The following are just some of the questions you might want to ask your job shadow subject.

 

What do you like about your job?

This is a good one to start with. Ideally you want someone who really loves their job. That way you can see if you share the same passion.

 

What don’t you like about it?

No one likes every aspect of their job. This question can help you determine if you can live with the negatives of the position or if you really should consider another line of work.

 

Can you describe a typical day at work?

It’s always good to know what a typical day is like, from start to finish. Of course, not every day will be the same, but this will give you a general idea of the day-to-day details of the job and if it’s something you can see yourself doing over a long period of time.

 

What’s the hardest part about your job?

This may be the most important question you ask.
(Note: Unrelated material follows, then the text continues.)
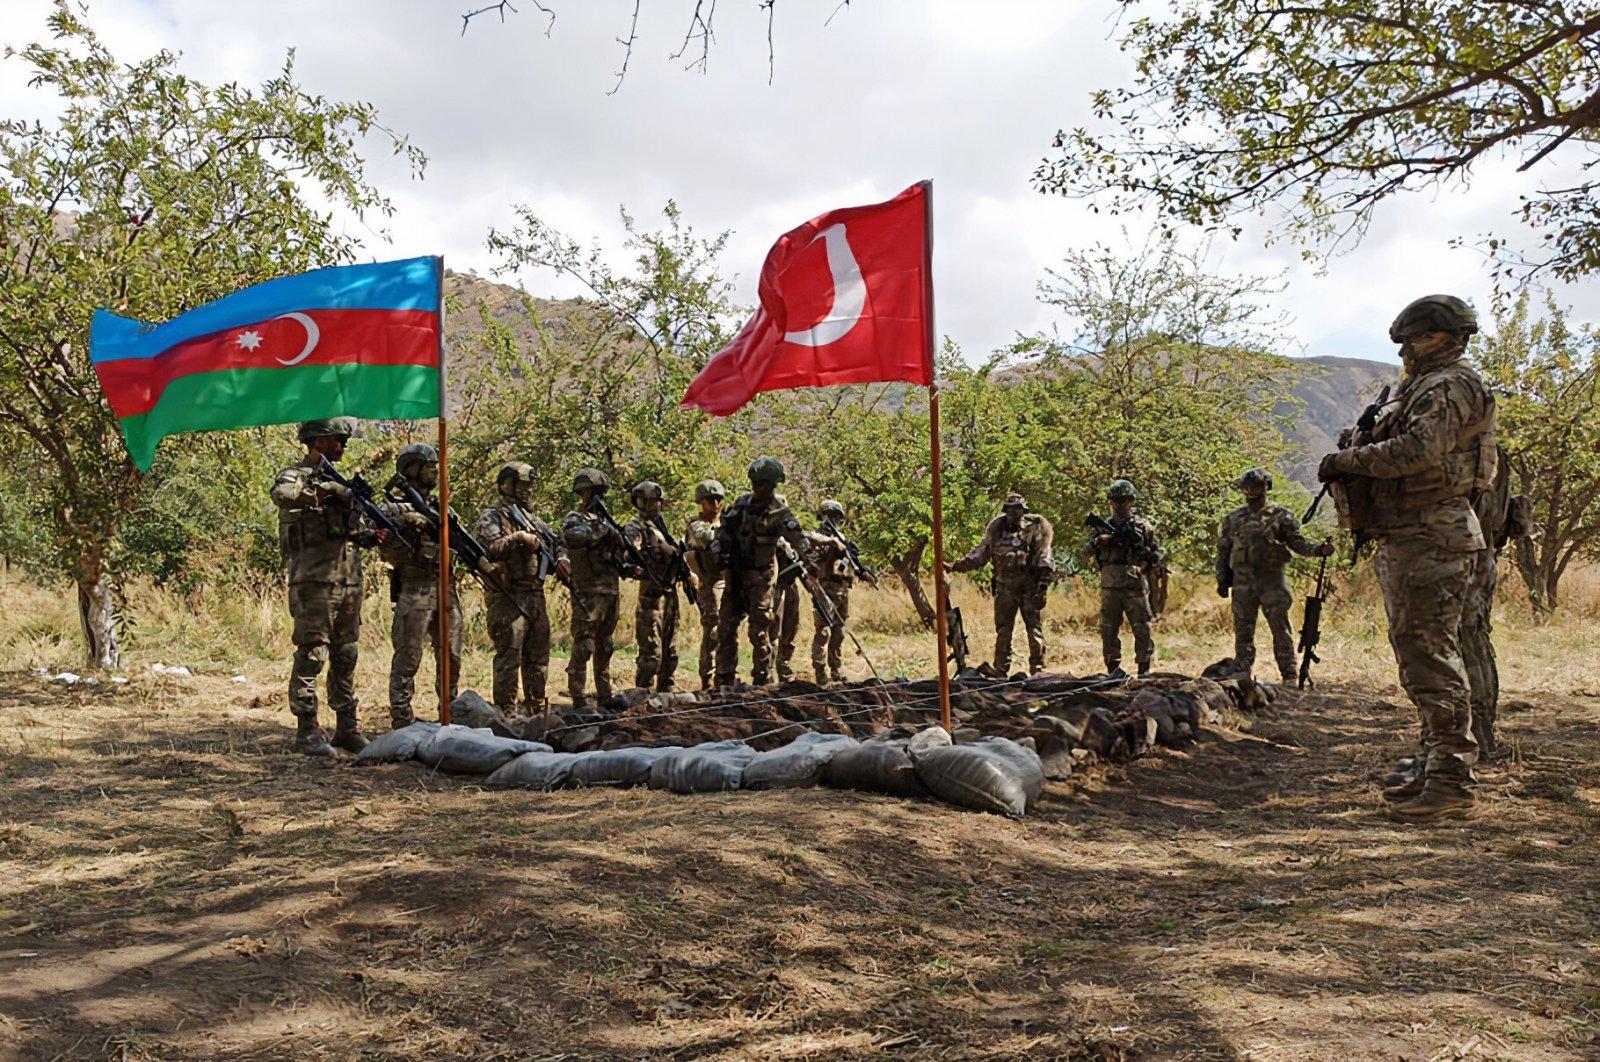 Turkish and Azerbaijani militaries participate in joint military exercises in Lachin, Azerbaijan, Sept. 7, 2021. (AA Photo)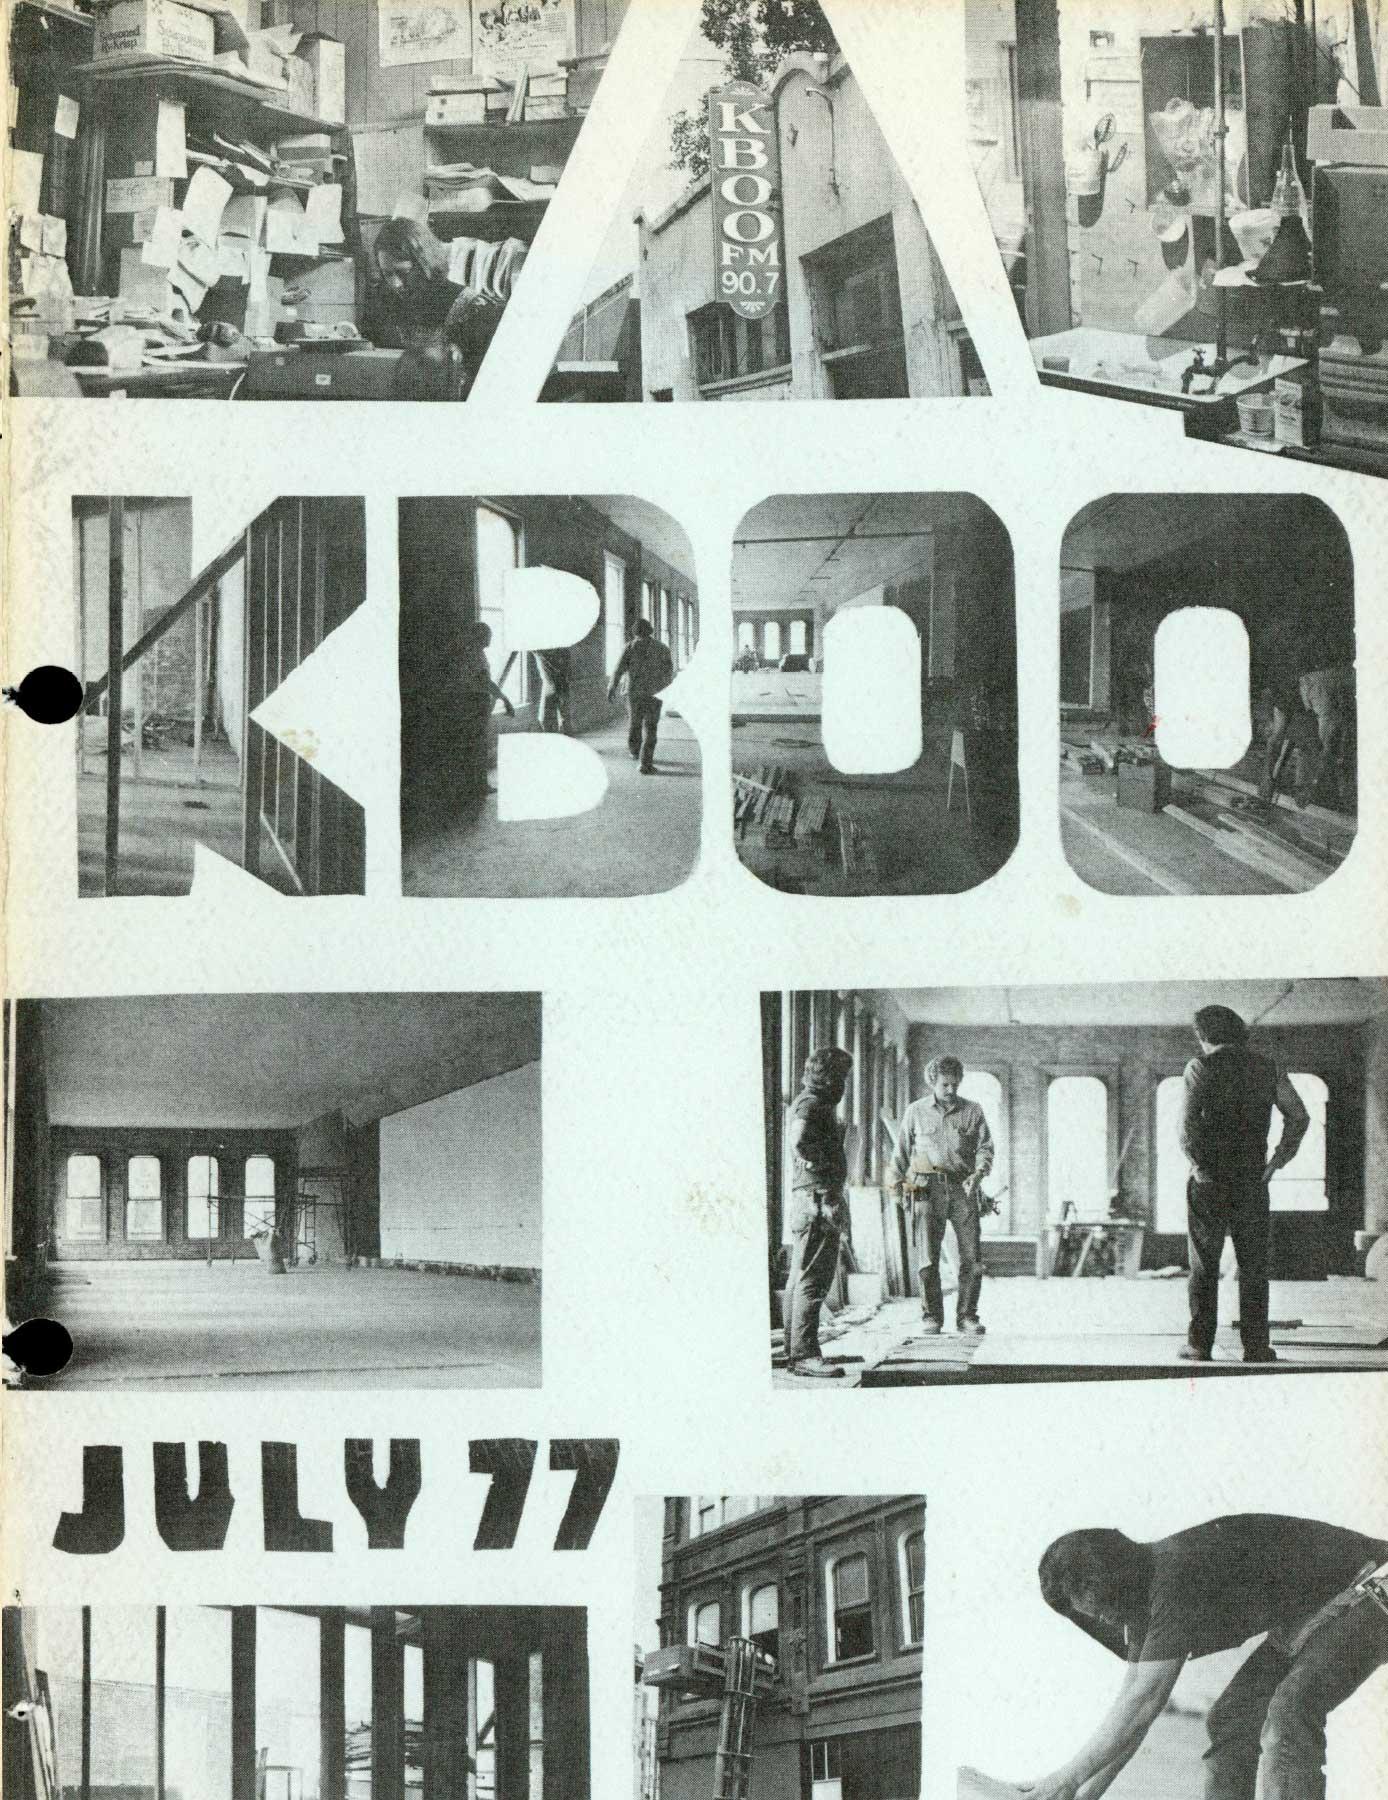 KBOO-Vintage-5.jpg

Before you choose any career, you need to what’s hard about it and whether or not it’s something you’ll be able handle. 

 

What’s the biggest challenge you’ve faced at work?

Here you’re asking for a specific instance when the person was tested or pushed to his or her limit. You may or may not have a similar experience if you choose to pursue this career, but you should still know what types of challenges you might face if you do.

 

What are the advancement/growth opportunities?

When you’re planning your career, you don’t want to pick a line of work that will remain stagnant and lose your interest; you want to be sure your chosen vocation is one that will allow you to evolve over time. Find out what, if any, opportunities exist that will allow you to continually grow as a person and build a fulfilling career.

 

Is there anything you wish you would’ve done to better prepare yourself?

This question can help you to avoid regret years down the road. Right now you’ve got so many resources around you to help you prepare properly for your career. Utilize this question to make sure you're taking advantage of everything at your disposal. 

 

What skills are the most important in your job?

A lot of times you really don’t know what skills are the most important in your chosen career until you’re working in the field. Find out what these skills are now so that you can focus more time studying and mastering them while you’re still in school. 

 

What’s something that most people don’t know about this career?

No matter how much education you get on a particular career, there are just some things you won’t find out until you’re on the job. Learn as much as you can about the unknowns of your chosen career path now, so that you can be prepared for them when the time comes. 

 

If you could do it all over, would you choose this career again?

Look, it’s not easy choosing a career. Sometimes you think you know what you want to do with your life, but then after a few years you realize it’s just not the right fit for you. Ask the person to be honest with you about how they really feel about their job. Depending on what they say, it could either change your mind about the career path or give you the encouragement you need to pursue it after all.